I.5. Automotive Vehicles Tire technology Natural rubber products appeared in the early 1800s, but were impractical due to softening or brittleness in hot or cold weather. An American inventor Charles Goodyear developed the vulcanization process for natural rubber in 1839, linking unsaturated bonds with sulfur. This basic process is still used with additional chemical accelerants and stabilizers. By 1945, synthetic rubber was being produced commercially. As tire demand increased, other improvements were introduced including an inner tube to replace solid rubber tires, reinforcement with natural or synthetic fabric cord for strength, and added materials for reduced wear, and the eventual debut of tubeless tires.

I.6. Aeronautics Hot-air balloons From 1783 when the first human flew in a balloon propelled by hot air rising an open fire, innovations in hot-air balloons have been revolutionary. Hot air was quickly replaced by hydrogen, which was easier to control. Hot-air ballooning has become a popular sport with more than 5000 hot-air balloon pilots in the United States. Chemistry has contributed the durable, inexpensive and heat-resistant nylon fabric and the liquid propane technology used for propulsion.

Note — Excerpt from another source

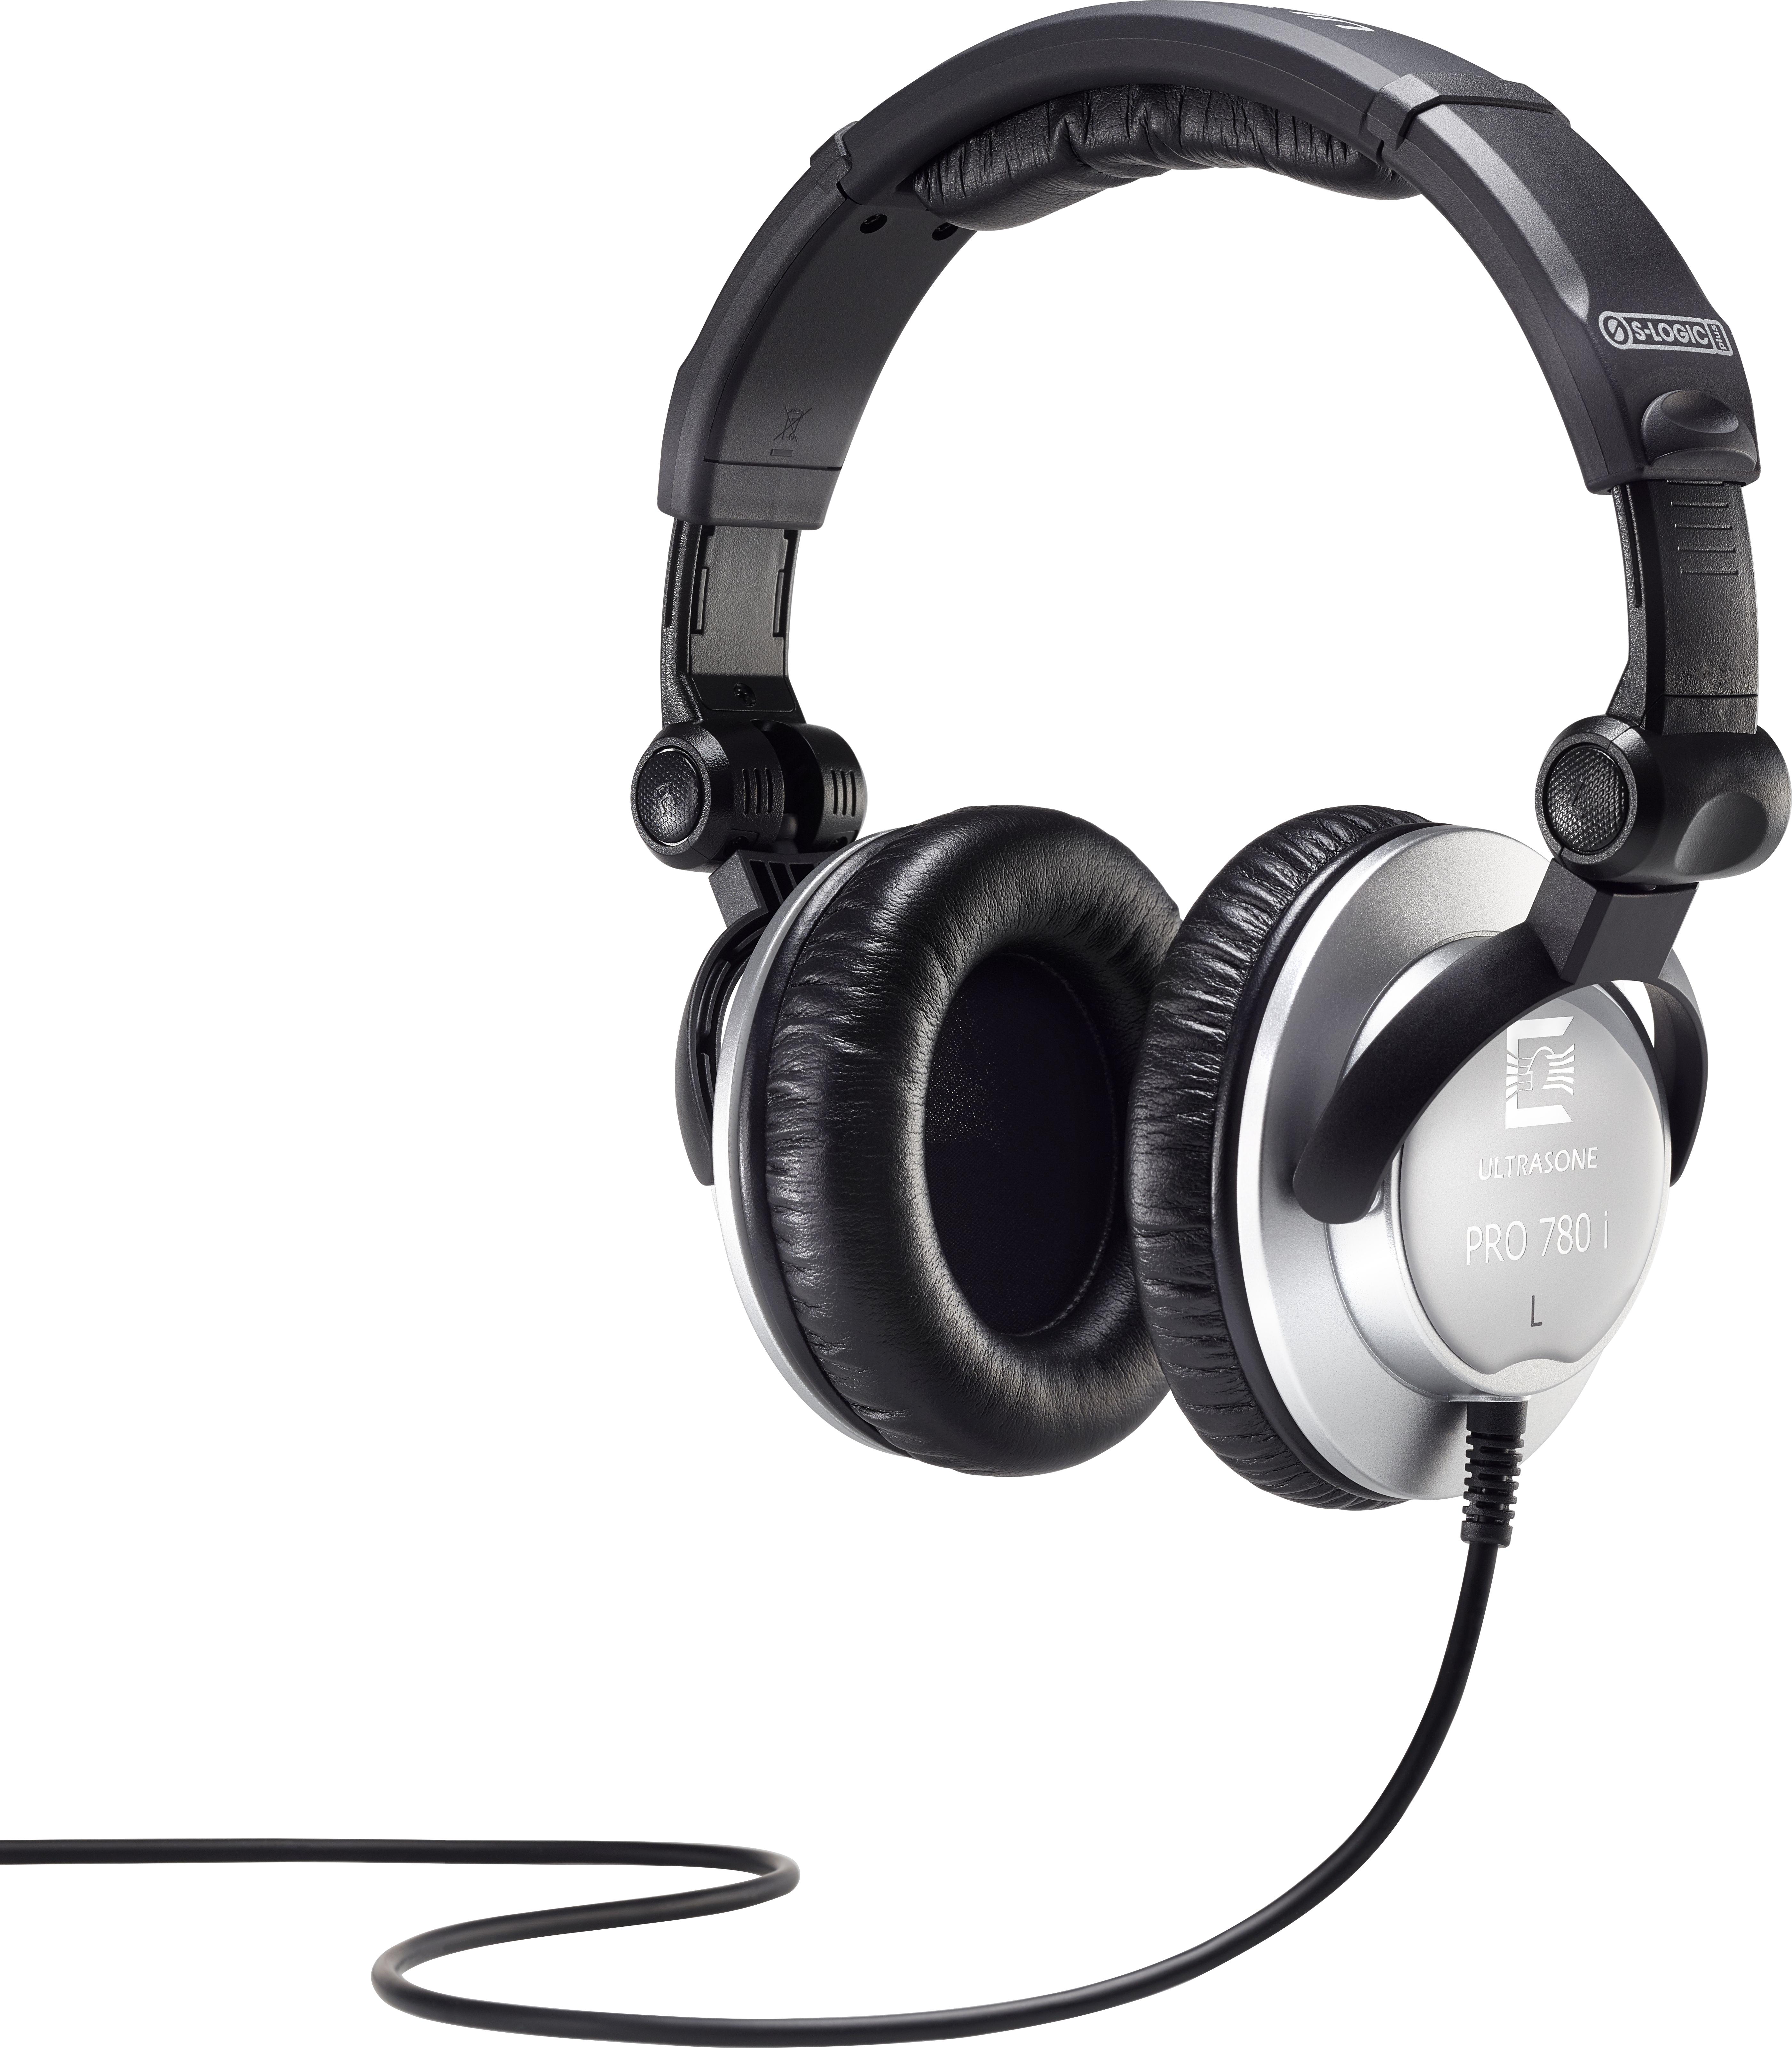 audio - CASQUES, ECOUTEURS, EAR MONITOR - CASQUES - ULTRASONE - ULTPRO780 - Royez Musik

I.6. Aeronautics Helium Although hydrogen-filled balloons, such as the exploded Hindenburg (1937), had rigid structures, the flammability of hydrogen always posed a safety hazard. In 1905, two chemists discovered helium in a Kansas gas well, and this rare element was suddenly plentiful. During World War I., chemical technology extracted, stored, and shipped large quantities of helium, and the helium-filled blimps in World War II. safely escorted troop and supply ships around submarines. In the 1950s, helium was useful as welding atmosphere during rocket construction and as the propellant which pushed the rocket’s fuel to the engines. The Hindenburg disaster (1937)

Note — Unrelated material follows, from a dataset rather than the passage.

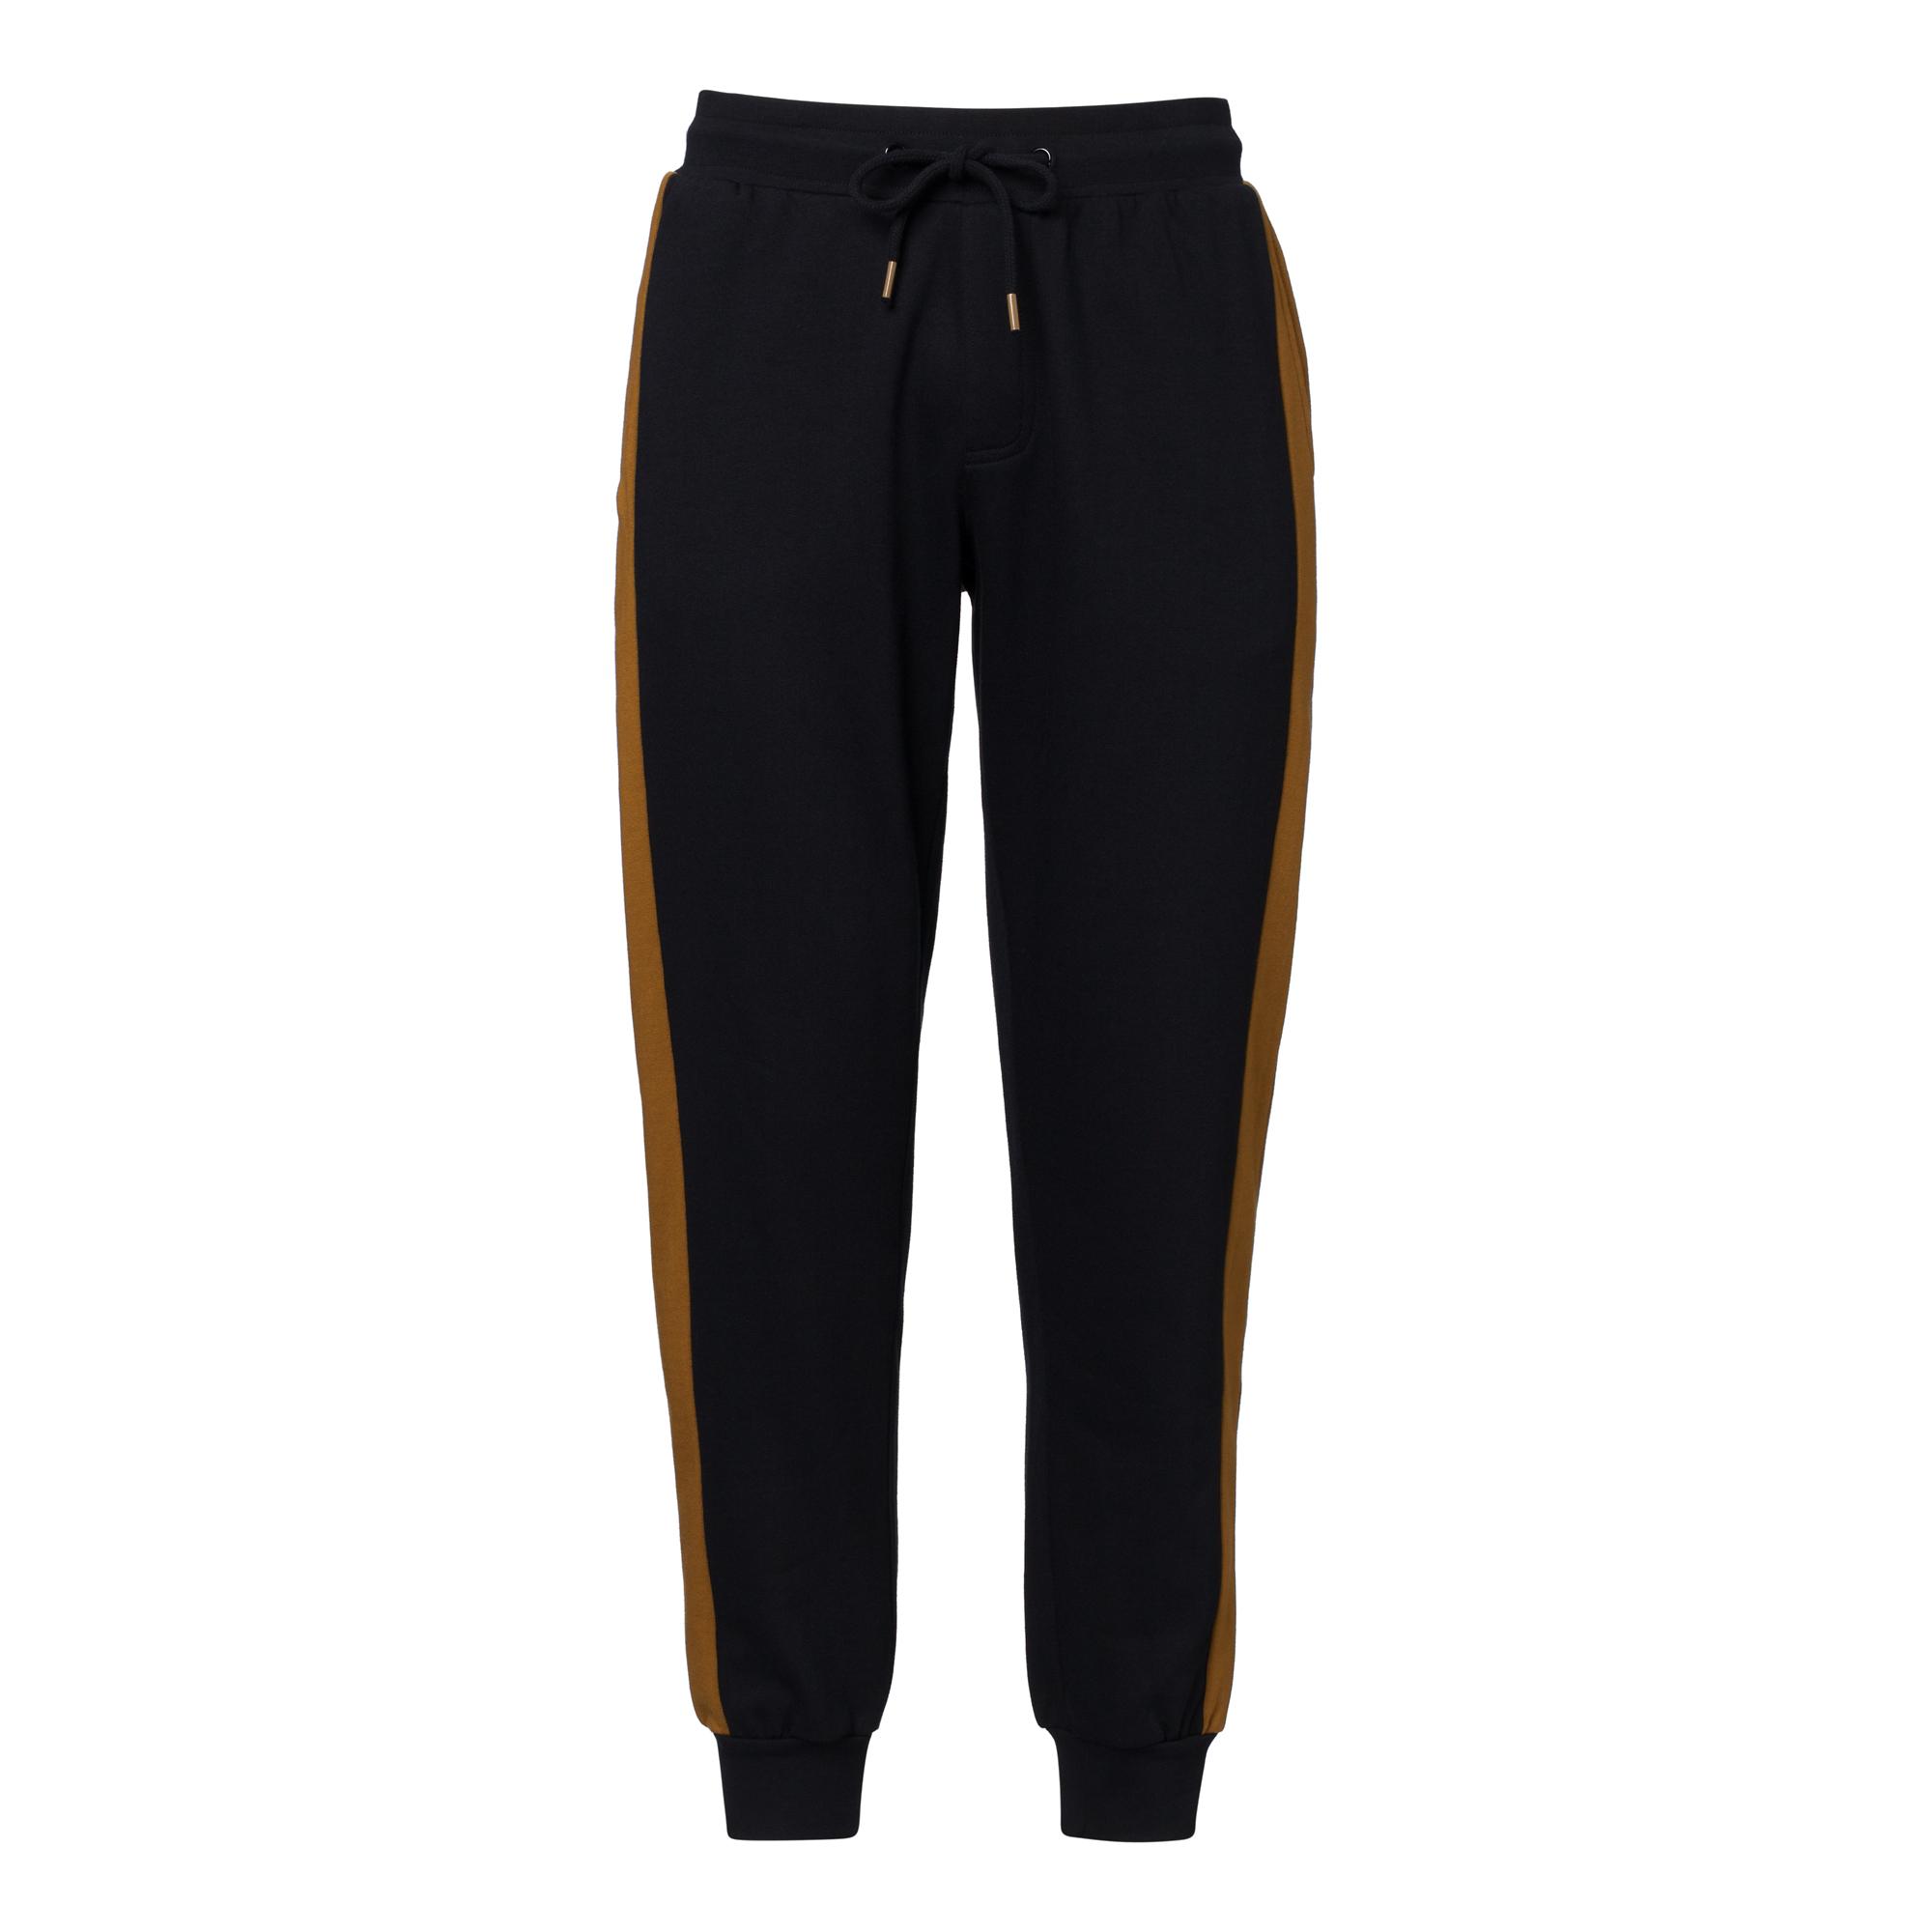 TT1010 Joggingpants Man Black/Side Stripe GOTS & Fairtrade

I.6. Aeronautics Rocket fuels From early test rockets first launched in the 1920s to communication satellites of the 1950s, to the reusable Space Shuttle of the 1980s, the human expansion into space is an amazing engineering feat. Successful space travel depends on rockets possessing high thrust- velocity to overcome the gravitational force of the Earth. The first rocket was launched in 1926 using a liquid fuel of gasoline and liquid oxygen oxidizer. Subsequently, different fuels and oxidizers have been used in either solid or liquid form. The Space Shuttle uses liquid hydrogen as the fuel, but the launch engines use solid fuel of aluminum and ammonium perchlorate as the oxidizer/binder.

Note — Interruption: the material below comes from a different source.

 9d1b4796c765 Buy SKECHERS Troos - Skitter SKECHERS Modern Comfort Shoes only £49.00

I.6. Aeronautics Construction materials for aircraft and rockets As aircraft design evolved from wood and fabric to sophisticated engineered materials, chemical technology has provided materials that met design requirements. Metal alloys using aluminum and titanium were developed to provide strength, light weight, high-temperature stability, and corrosion resistance for aircraft. Rockets have special material requirements because of the extreme conditions under which they operate. One example is the special tile in strategic locations that protects the space shuttle (1980s) from high temperatures on reentry. After an exotic zirconium composite material was tried, the final tile design used silica fibers derived from common sand.